*** Opening of MATERIAL FOR THE TASK ***

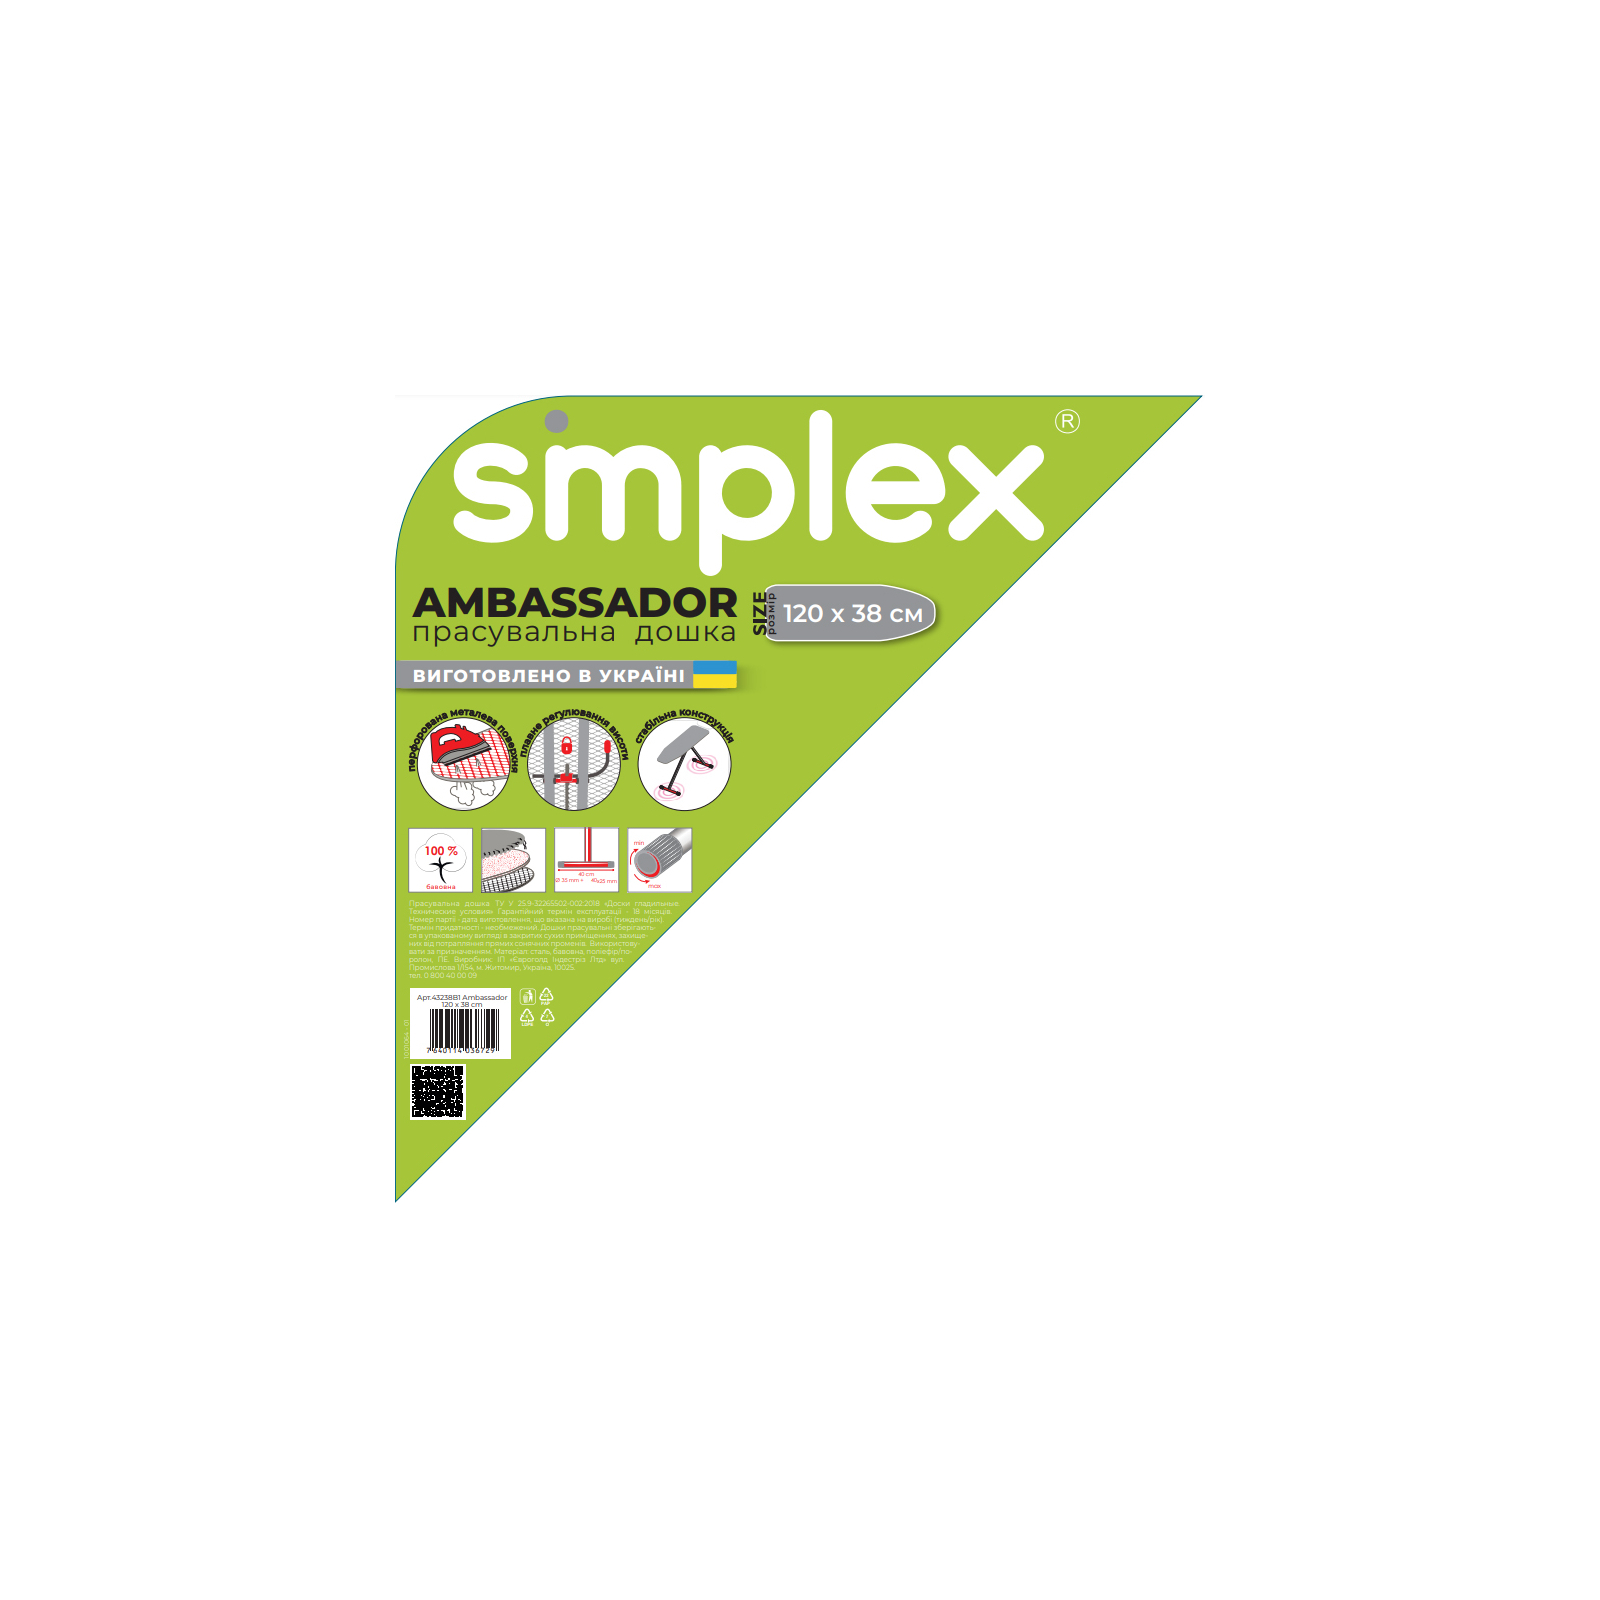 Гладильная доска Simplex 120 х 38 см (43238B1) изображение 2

*** Close of MATERIAL FOR THE TASK ***
*** Opening of MATERIAL FOR THE TASK ***

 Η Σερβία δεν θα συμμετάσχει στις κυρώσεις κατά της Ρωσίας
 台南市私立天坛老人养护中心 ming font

*** Close of MATERIAL FOR THE TASK ***

▶ [DIRECTIONS FOR THIS TASK]: Scan the listing above for the line that has "Η Σερβία δεν", then copy exactly from that line through the line that has "台南市私立天坛老人养护中心 ming font".

▶ [ANSWER AREA]:
 Η Σερβία δεν θα συμμετάσχει στις κυρώσεις κατά της Ρωσίας
 台南市私立天坛老人养护中心 ming font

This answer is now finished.